Eure Rechtschaffenheit, die niemand bezweifelt, ist nicht exklusiv. Und kein Argument, wie aktuell, um etwa die DVAG auszustechen. Übrigens haben die schon Apple iPads im Vertrieb eingeführt, als iPads noch gar keine käuflich waren. 1.000 Stück. Das berichtete mir heute ein DVAG-Mann, der es wissen muss. Laut Studie von Innovalue, Hamburg, sind 74 Prozent der Nutzer von Clark, Getsafe und Knip unzufrieden, sehen keinen Mehrwert und würden die App nicht weiterempfehlen.

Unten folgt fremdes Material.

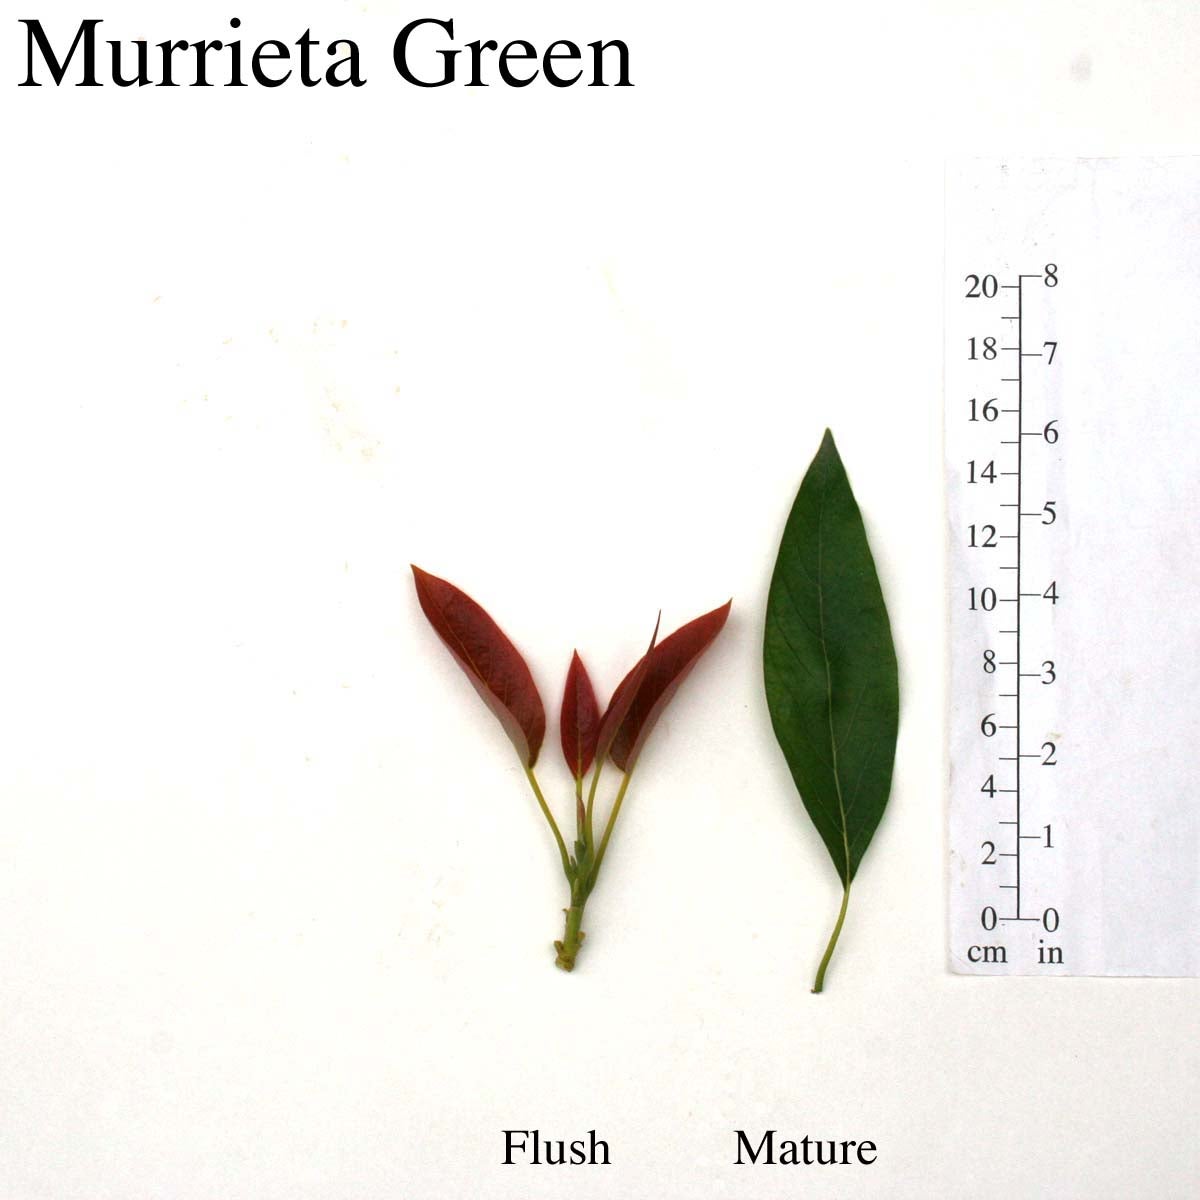 Murrieta Green Leaves

Dies berichtete Innovalue auf dem Versicherungstag der Süddeutschen Zeitung in Köln Anfang Dezember 2015. Viele FinTech-Maklerkunden wissen doch gar nicht, dass das Maklermandat ihren herkömmlichen Betreuer löscht und damit bei ihren Policen alles nur noch über Knip & Co. geht. Viele Versicherungsmakler bestätigen mir diese Wahrnehmung ihrer reuigen Kunden, die ein Policen-App erwarten, aber stattdessen mit ihrem Makler bezahlen. Mit dem Verlust ihrer angestammten Betreuung.
Dagegen wäre bei Transparenz im Kleingedruckten der App-Anbieter nichts einzuwenden. Wenn die Kunden Transparenz wahrnehmen würden, wenn sie Knip klicken oder auf dem Smartphone tippen. Und zu eurem Personal: Mit Fixgehalt und an Kundenzufriedenheit gemessen. Ist das ein Argument? Seid ihr Fixgehaltspender? Setzt ihr Produktivitätskriterien außer Kraft? Eure Kunden, und um die geht es, haben nichts davon. Mehr interessiert sie die Fachkompetenz eurer Mannschaft.
Werkstudenten und Datenpfleger sucht ihr (auch?), lese ich. Und Fotokopierer und Scanner fürchte ich. Denn die technischen Schnittstellen für schlanke Datenprozesse, die auch den tradierten Versicherungsmaklern bei ihrer Bestandführung fehlen, ihr FinTechs habt sie nicht neu erfunden. Es gibt diese Schnittstellen kaum, über GDV- oder Bipro-Standard hinaus ist wohl kaum ein FinTech „schlauer“ als die alte Versicherungswelt. Weswegen ich fürchte, dass die FinTechs nicht schlank organisiert sind, sondern mit Datenpflegern händisch arbeiten. Aber ich kann mich irren, nach vier erfolgreich geborenen und inkubierten Startups.
Dominik Groenen ist Gründer in der Versicherungsbranche. Mit massUp hat Dominik Groenen seit 2010 fünf Versicherungs-Startups gegründet. Die ersten vier Unternehmen seien bereits erfolgreich. massUp ist eine Versicherungs-API für Annex, Nischen und Kurzzeitversicherungen im Vermittlermarkt. Im Dezember 2015 haben Dominik und sein Partner Fabian Fischer mit massUp den Sprung ins Startupbootcamp nach London geschafft. Aktuell arbeitet das Team an der internationalen Expansion nach UK, Spanien, Frankreich, Polen, Österreich, Schweiz und Italien.